Please set down only the lines below starting with the line with "Eaux turquoises et" and going on through the line with "Horloge De Table", verbatim and without pictures.

START PROVIDED ENTRIES

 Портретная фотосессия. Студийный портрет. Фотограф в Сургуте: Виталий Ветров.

END PROVIDED ENTRIES
START PROVIDED ENTRIES

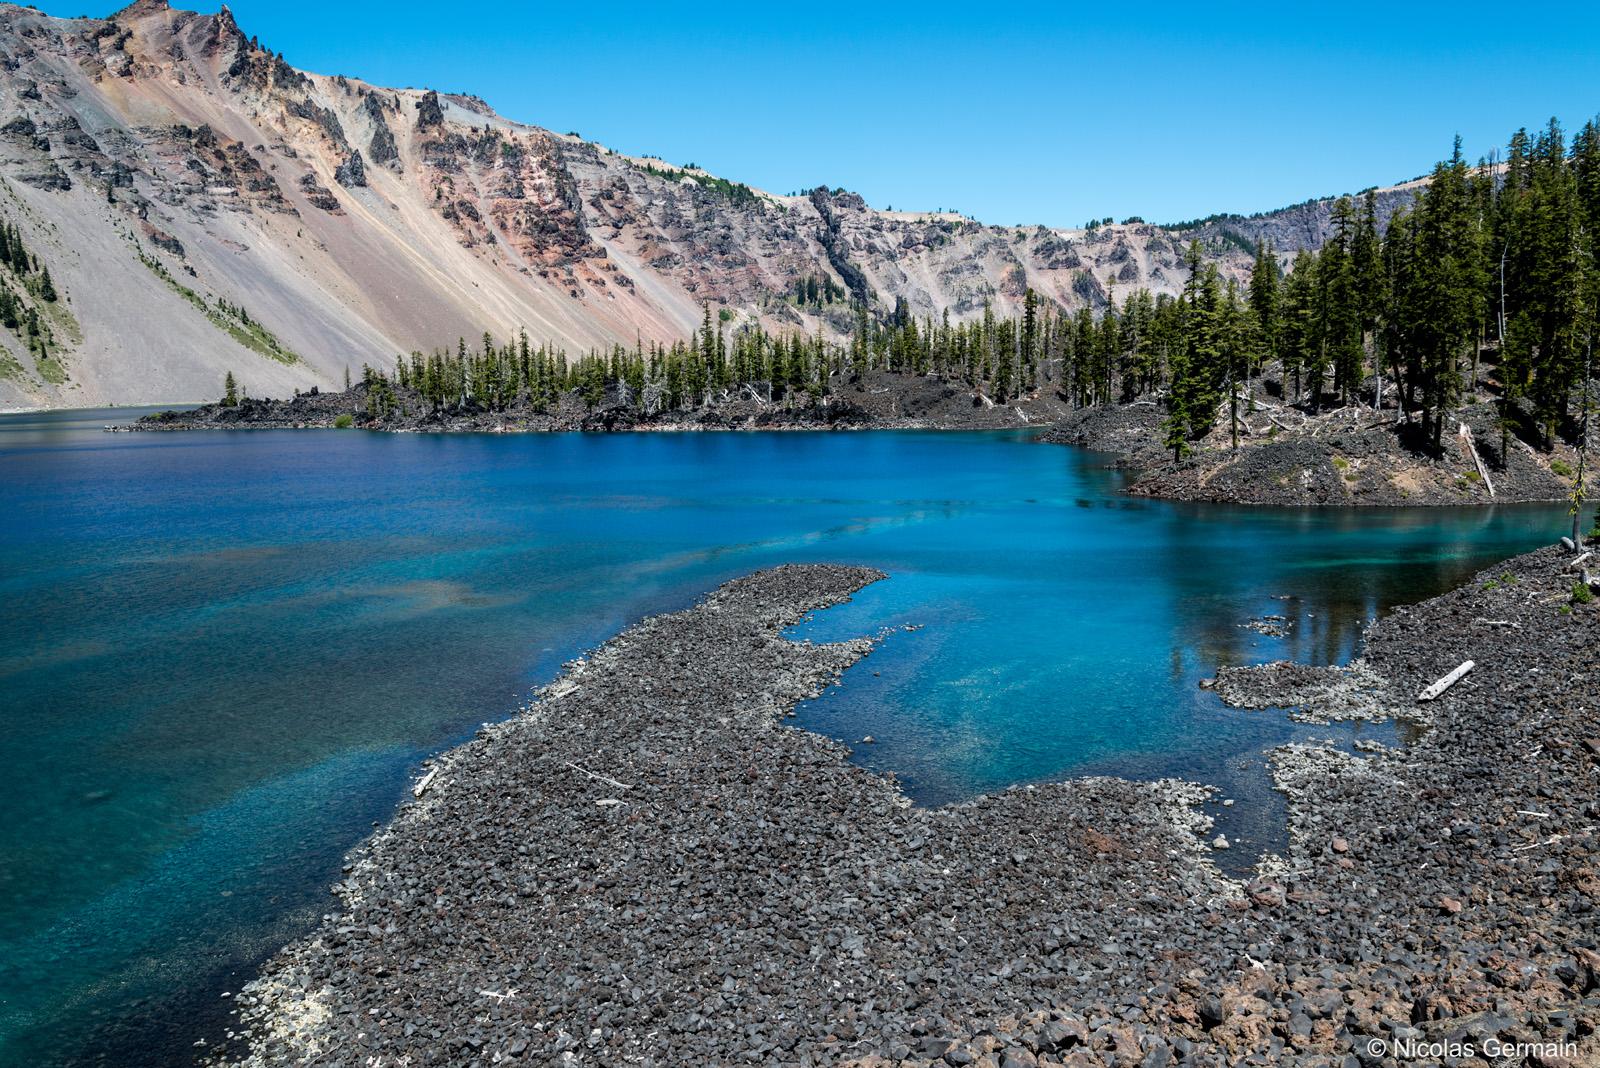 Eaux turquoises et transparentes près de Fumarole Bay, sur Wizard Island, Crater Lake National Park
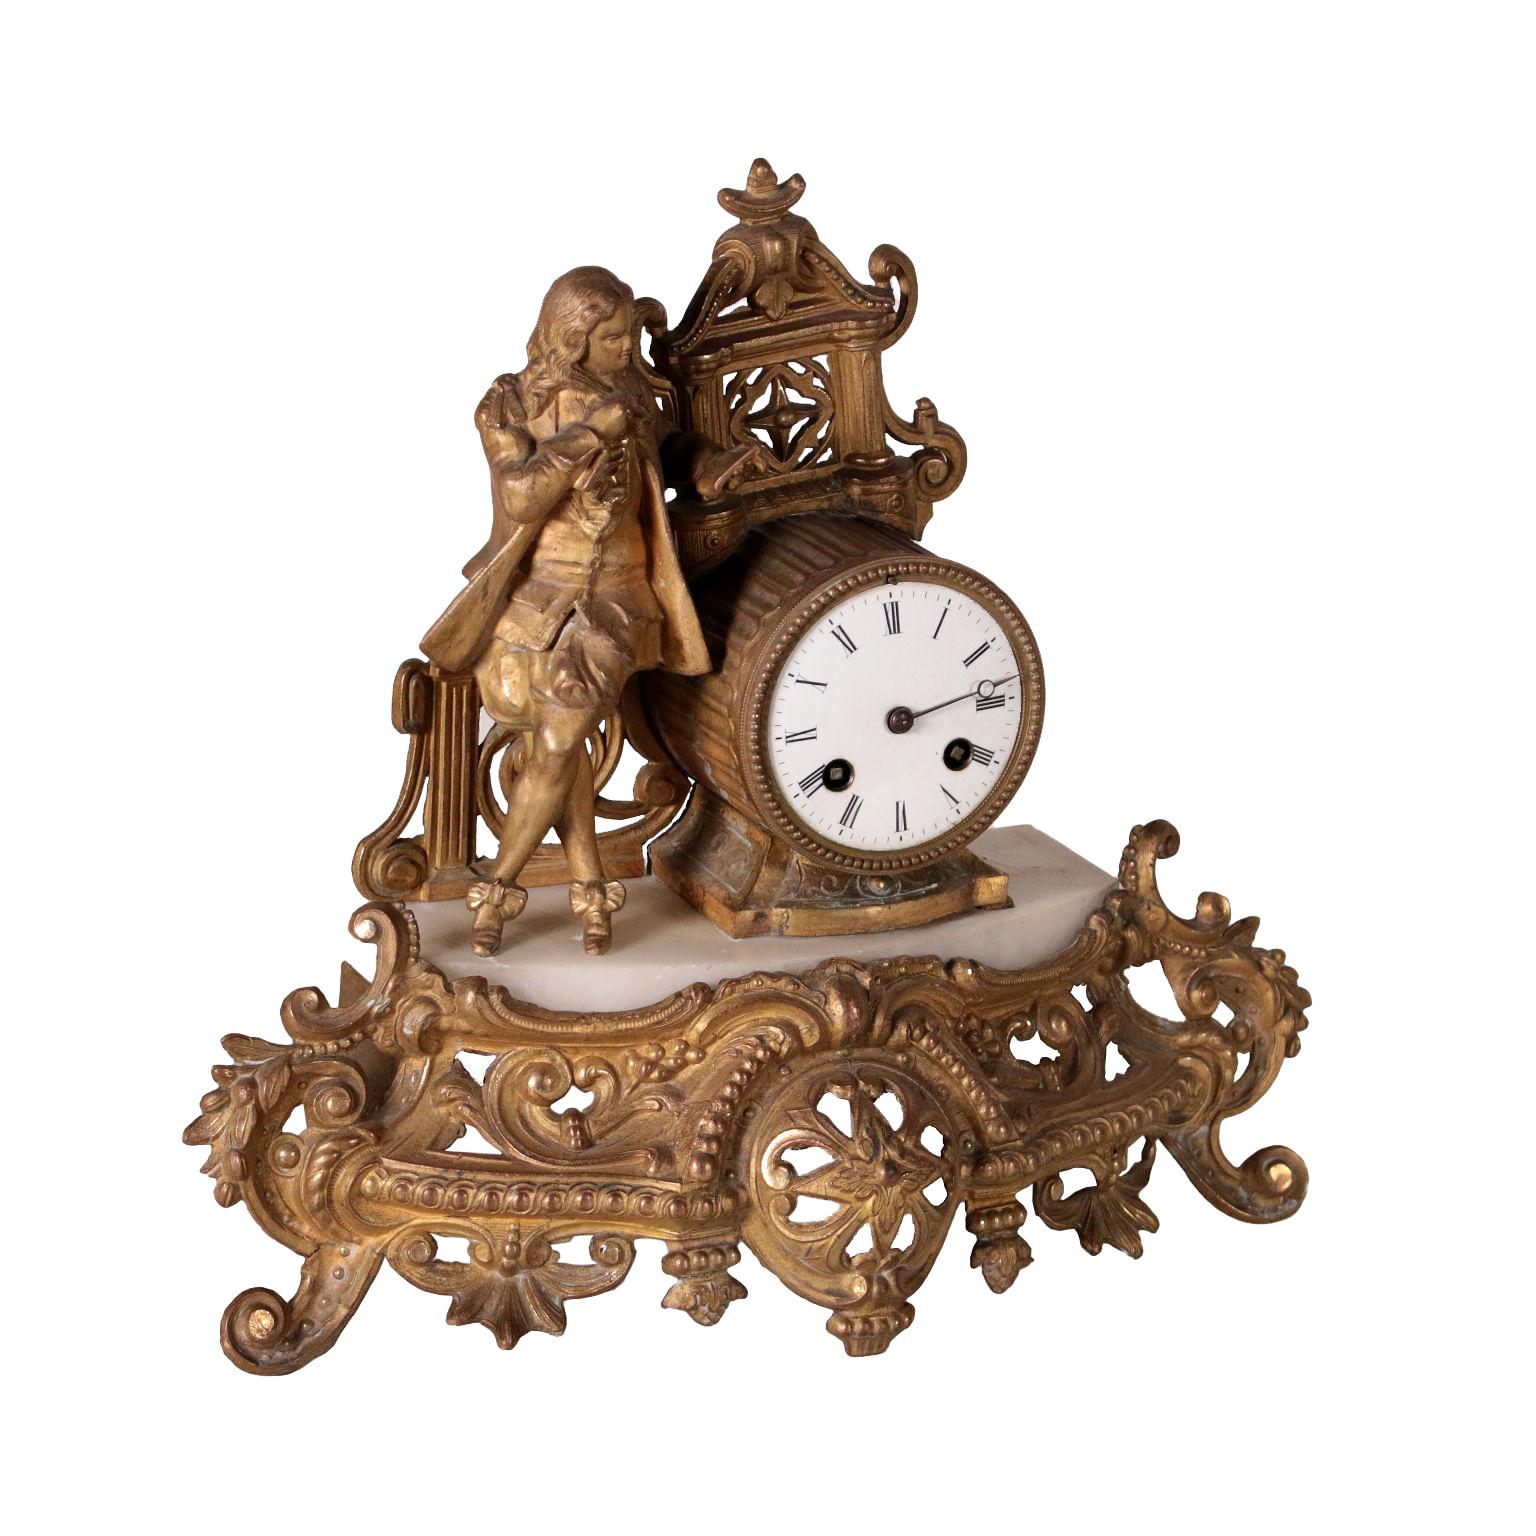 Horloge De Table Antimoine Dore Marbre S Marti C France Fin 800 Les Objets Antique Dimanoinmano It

END PROVIDED ENTRIES

*EXERCISE ANSWER*
 Eaux turquoises et transparentes près de Fumarole Bay, sur Wizard Island, Crater Lake National Park
 Horloge De Table Antimoine Dore Marbre S Marti C France Fin 800 Les Objets Antique Dimanoinmano It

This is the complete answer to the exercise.